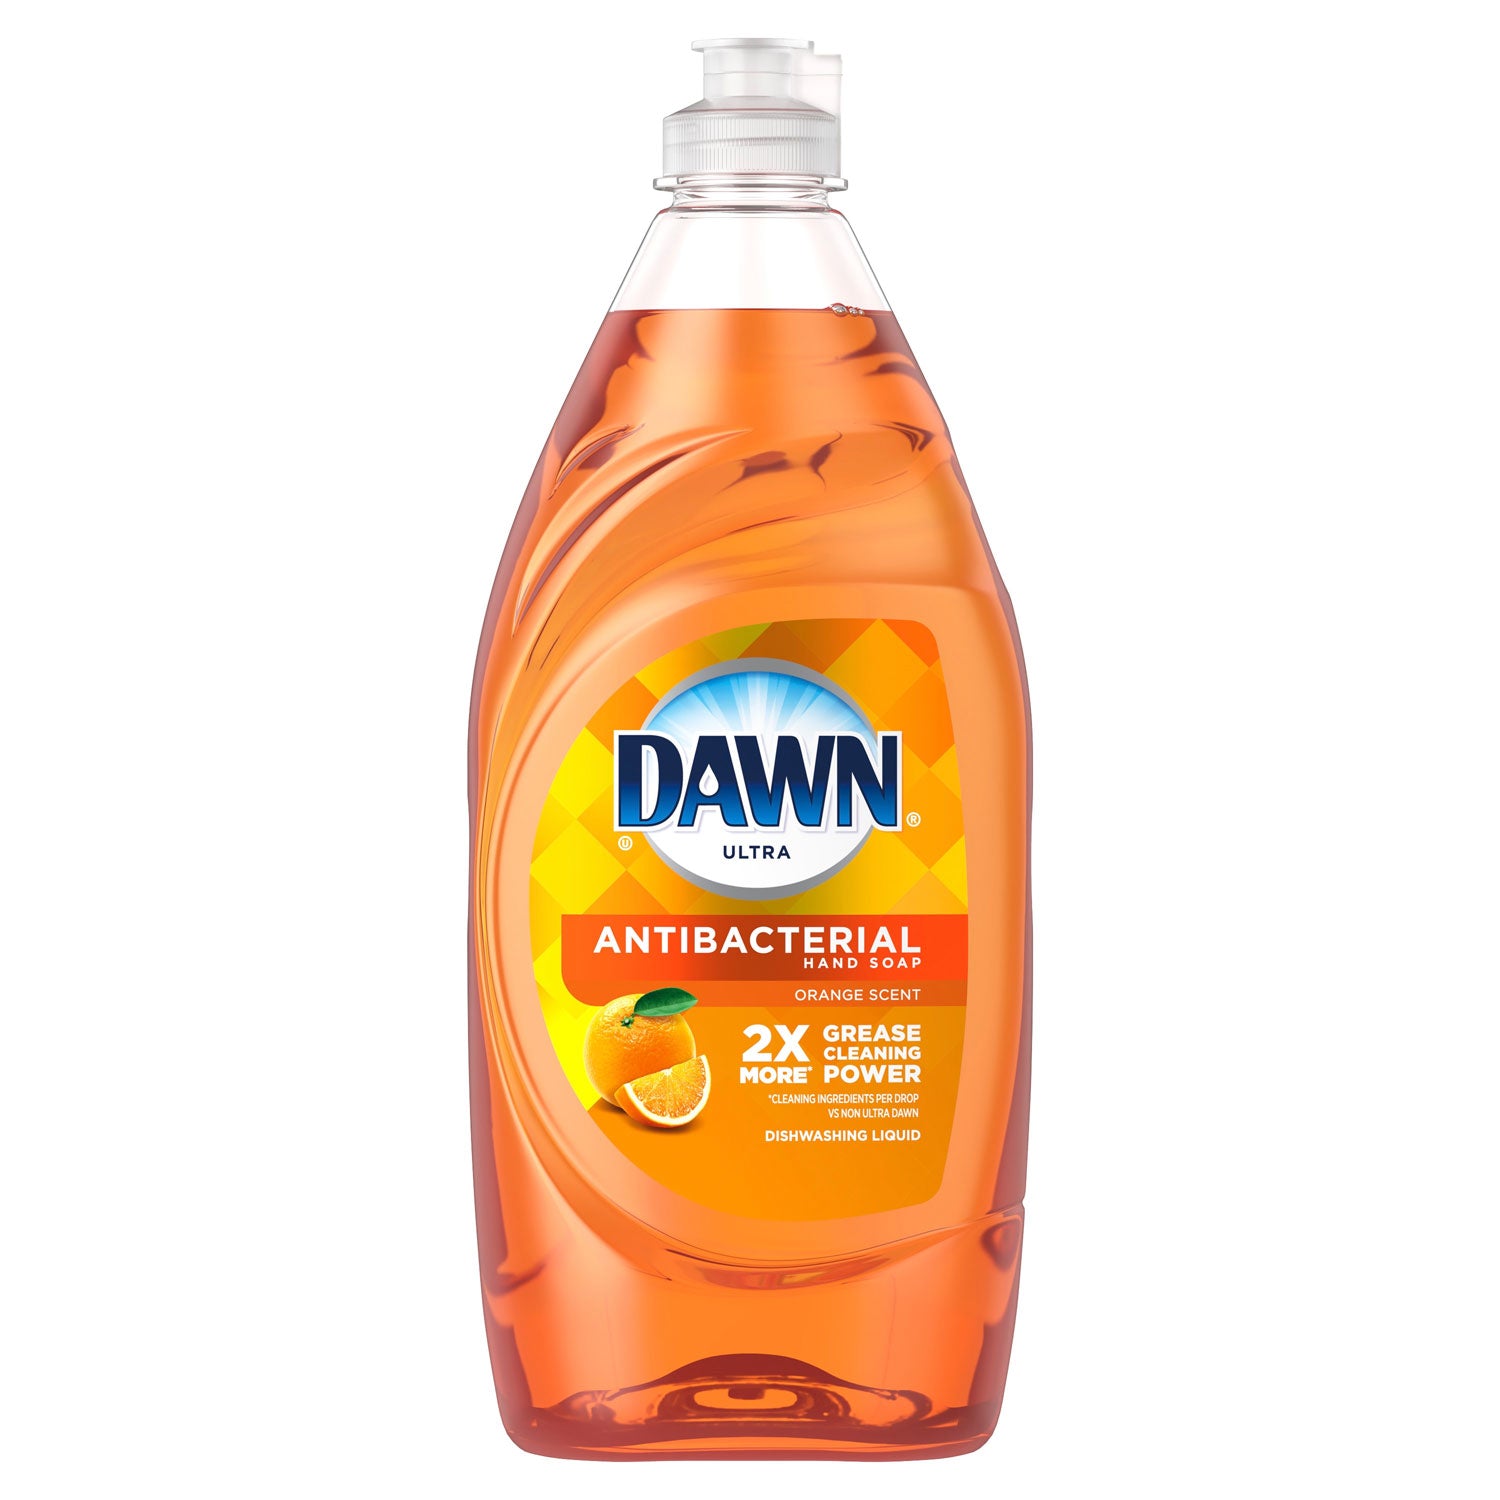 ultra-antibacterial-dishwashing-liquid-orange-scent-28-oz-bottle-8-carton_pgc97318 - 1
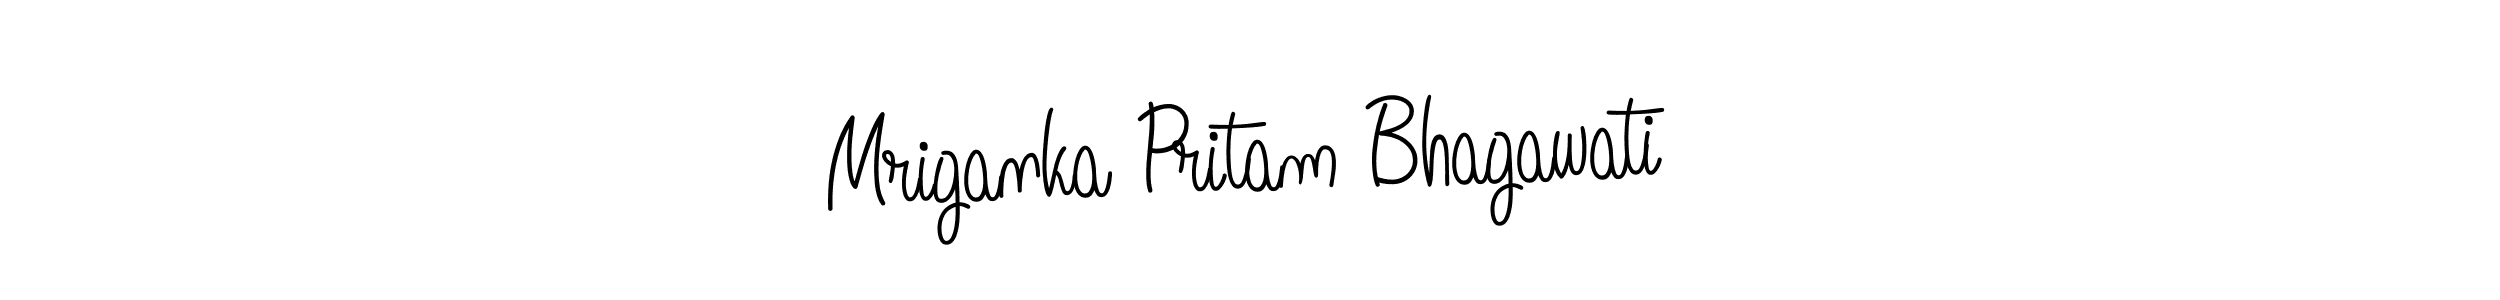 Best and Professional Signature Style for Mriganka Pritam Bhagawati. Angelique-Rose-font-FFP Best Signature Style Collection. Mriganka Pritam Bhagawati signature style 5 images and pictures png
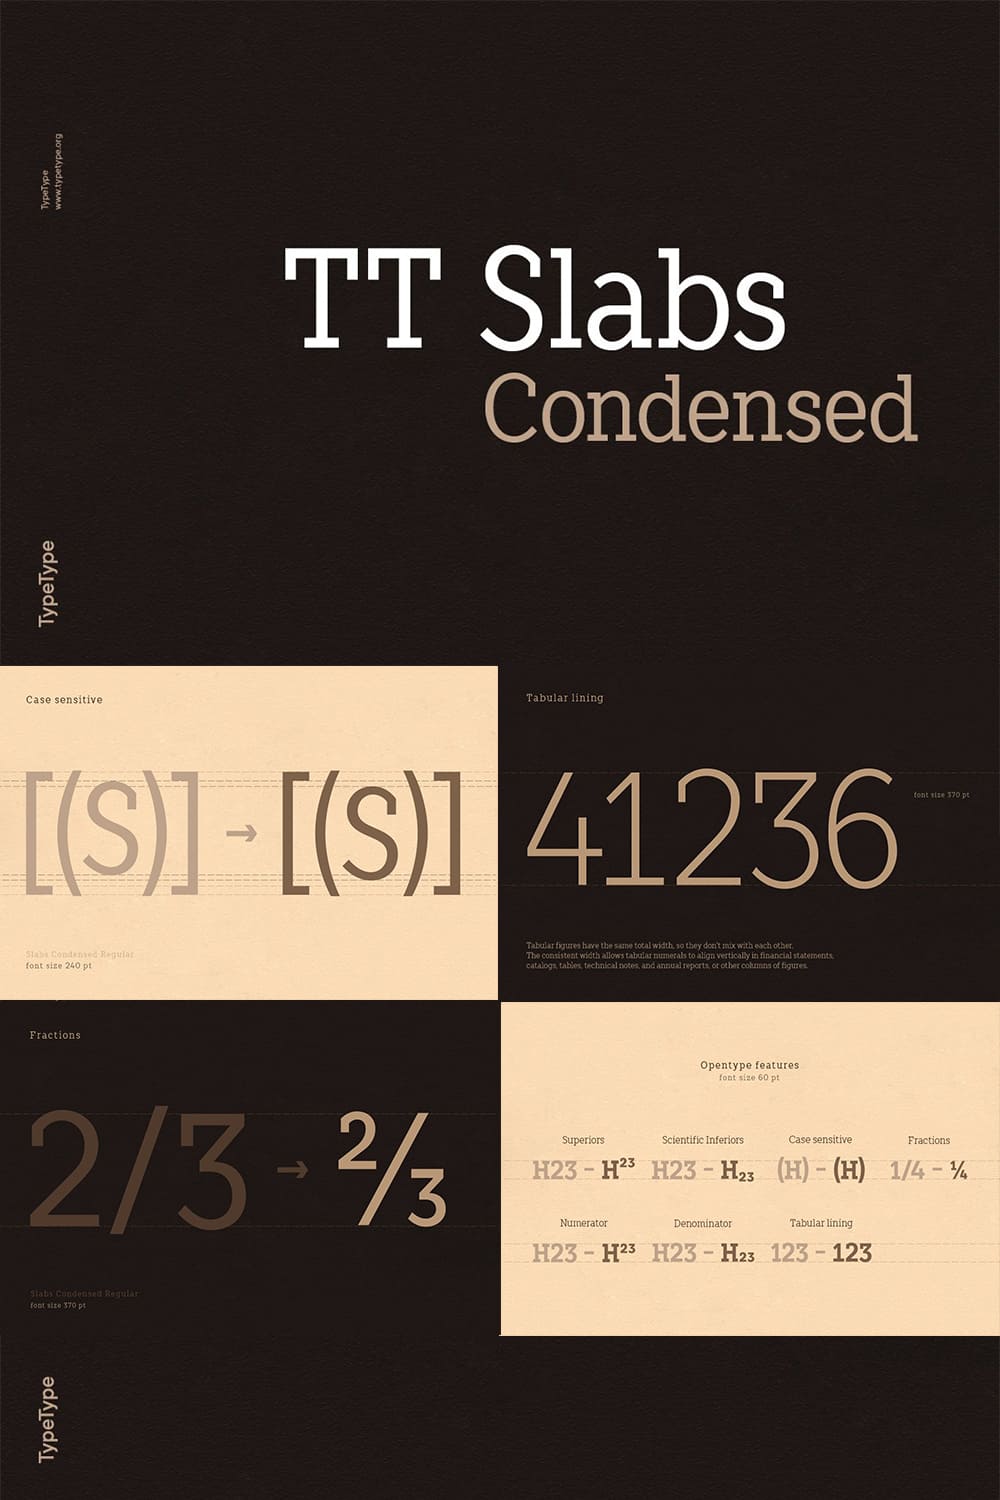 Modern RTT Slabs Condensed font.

# # #

**WORK TO COMPLETE:** Set down the material exactly as given, but print none of the pictures.

**ANSWER FOR THE TASK:**
 ultra-antibacterial-dishwashing-liquid-orange-scent-28-oz-bottle-8-carton_pgc97318 - 1
 Best and Professional Signature Style for Mriganka Pritam Bhagawati. Angelique-Rose-font-FFP Best Signature Style Collection. Mriganka Pritam Bhagawati signature style 5 images and pictures png
 Modern RTT Slabs Condensed font.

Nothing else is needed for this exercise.